Step 1 — Install the kalix package

pip install kalix

This installs the kalix Python package, which bundles the Kalix simulation engine as a native extension. You don't need to install the Kalix CLI separately — the engine runs in-process from Python.

Verify it works:

import kalix
print(f"kalix version: {kalix.__version__}")

Step 2 — Open a notebook in the model folder

cd models/baseline
jupyter lab

This launches Jupyter Lab with models/baseline/ as its working directory — so any relative paths from the notebook resolve cleanly against the model.

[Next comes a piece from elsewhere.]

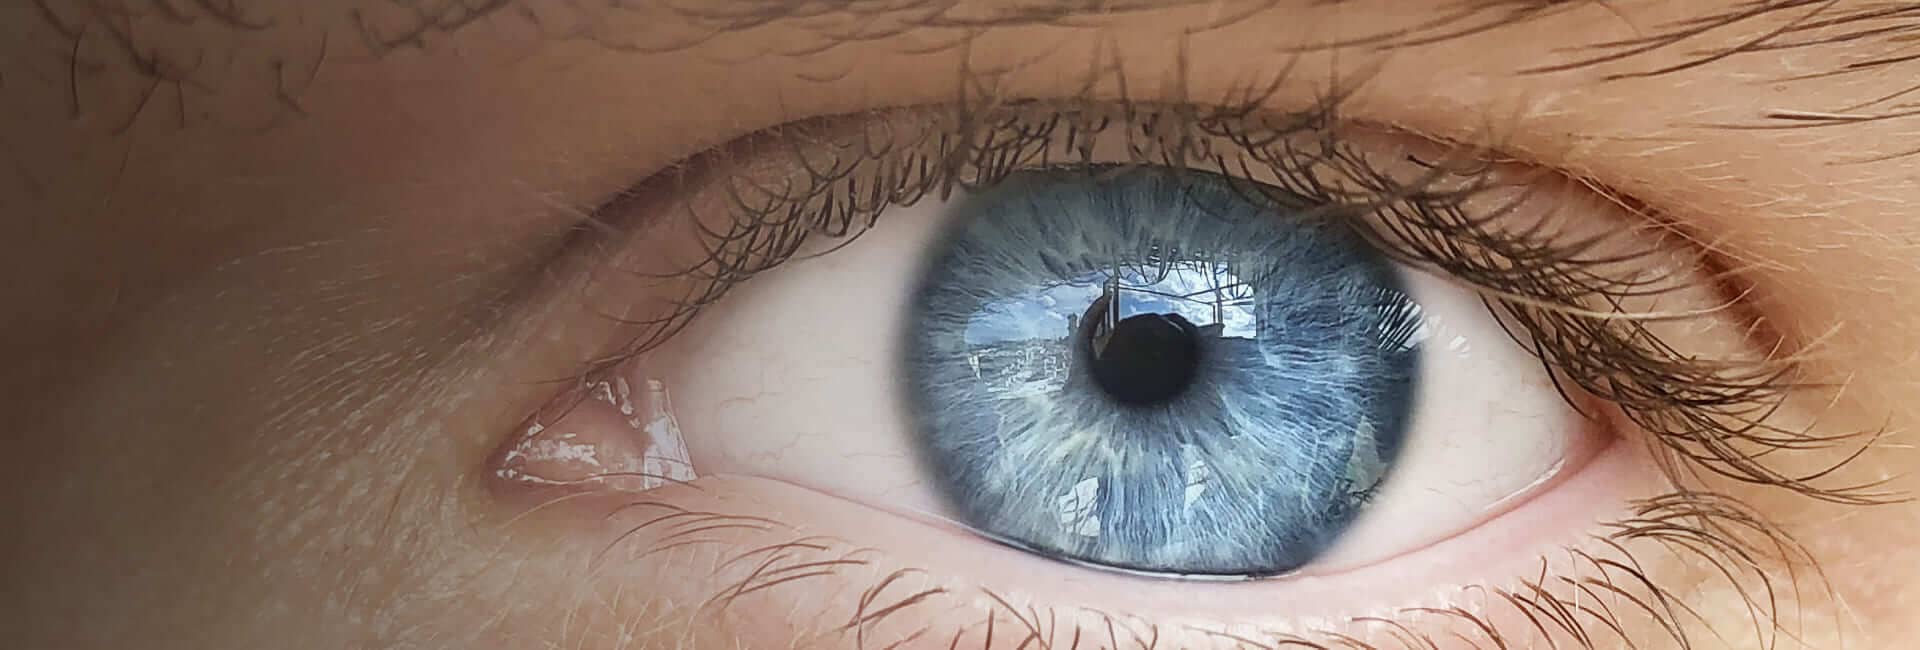 Центр хирургии глаза

Create a new notebook and call it analysis.ipynb.

Step 3 — Run the model from Python

Imports and a single call:

import kalix
import pandas as pd

kalix.simulate("stringybark.ini", output_file="results.csv")

That's it. kalix.simulate() runs the INI model in-process and writes the requested outputs to results.csv. The format is inferred from the file extension.

Step 4 — Read the output and plot it

The CSV that Kalix writes is just a normal time-indexed file. Pandas reads it directly:

sim = pd.read_csv("results.csv", parse_dates=[0], index_col=0)
sim.head()

You should see one column per output series declared in the model's [outputs] block — six columns in our case (the Sacramento total flow, its three runoff components, the link flow, and the gauge total flow).

Now overlay simulated against observed:

import matplotlib.pyplot as plt

obs = pd.read_csv("../../data/observed.csv", parse_dates=["Date"], index_col="Date")

fig, ax = plt.subplots(figsize=(10, 4))
window = slice("1989-01-01", "1990-12-31")
sim.loc[window, "node.0002_ga_widebridge.dsflow"].plot(ax=ax, label="simulated", linewidth=1.2)
obs.loc[window, "obs"].plot(ax=ax, label="observed", alpha=0.7, linewidth=1.0)
ax.set_ylabel("Flow (ML/day)")
ax.set_title("Stringybark Creek — simulated vs observed (1989–1990)")
ax.legend();

Step 5 (bonus) — Pixie format

Kalix's native output format is Pixie — Gorilla-compressed timeseries written as a .pxt / .pxb pair. It's much smaller and faster to read than CSV for big runs (think: many nodes over multi-decade simulations). For this little 30-year, 6-output example the win isn't visible, but the syntax is identical and worth knowing.

Switch the output by giving the simulator a .pxb extension:

kalix.simulate("stringybark.ini", output_file="results.pxb")

Read it back with kalix.read_pixie():

sim_pxb = kalix.read_pixie("results.pxb")
sim_pxb.head()

The DataFrame has the same shape as the CSV version, but the index is now a tz-aware UTC DatetimeIndex named "time". From there all the standard pandas + matplotlib tools work the same way.

What to try next

  • Add a mass-balance report — pass mass_balance="mbal.txt" to kalix.simulate(...) to write a plain-text report of inflows, outflows, and storage changes alongside the timeseries output.

  • Loop over scenarios — write a Python loop that varies a scale factor on the rainfall expression, runs each scenario, and stacks the resulting DataFrames into a single multi-column DataFrame for comparison.

  • Round-trip your own data — use kalix.write_pixie(path, df) to save any pandas DataFrame (with a UTC DatetimeIndex) into Pixie format. Useful for sharing pre-processed inputs across models.

Where to go from here

The kalix Python package lives on PyPI: pypi.org/project/kalix. Current functionality and API are documented in the package README.